## Exercise objective
When the line with "Barometro e termometro" appears below, start repeating lines exactly, and keep going through the line with "elotta shirt - bright white - krave"; add nothing outside that span.

## Data for this exercise
_ _ _

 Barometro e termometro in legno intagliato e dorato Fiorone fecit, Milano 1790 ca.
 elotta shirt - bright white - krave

_ _ _

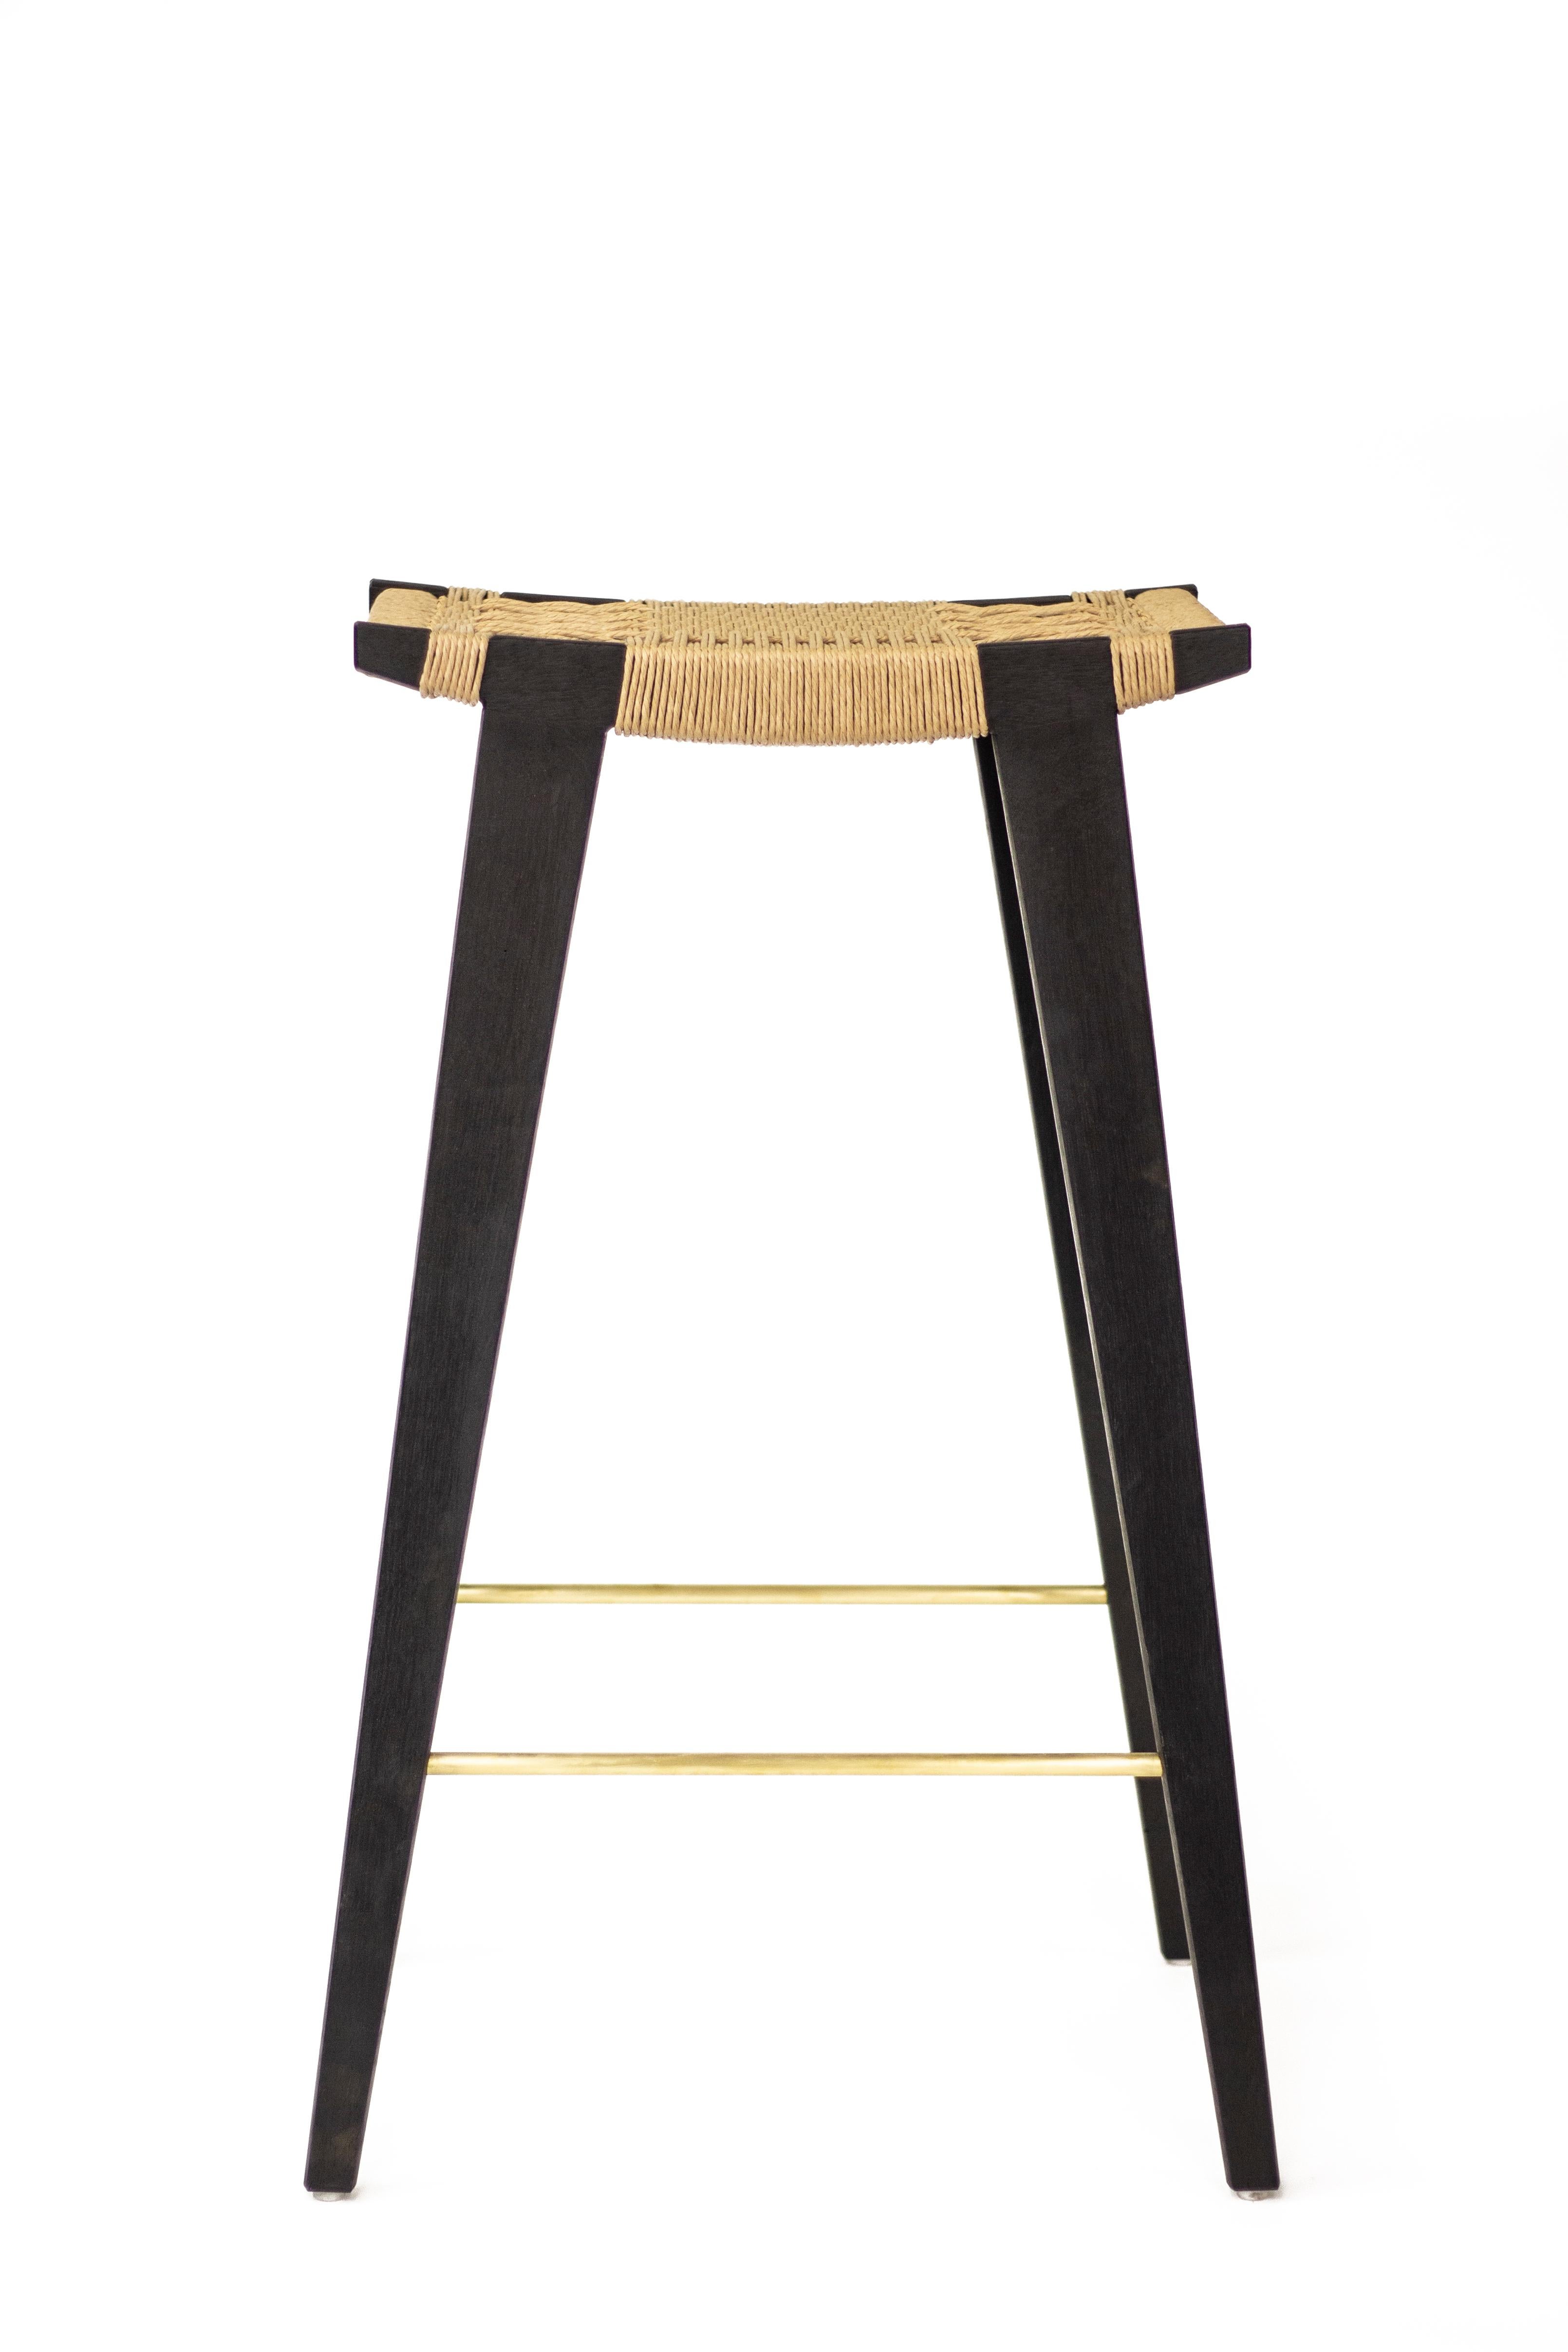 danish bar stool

_ _ _

## Solution below
 Barometro e termometro in legno intagliato e dorato Fiorone fecit, Milano 1790 ca.
 elotta shirt - bright white - krave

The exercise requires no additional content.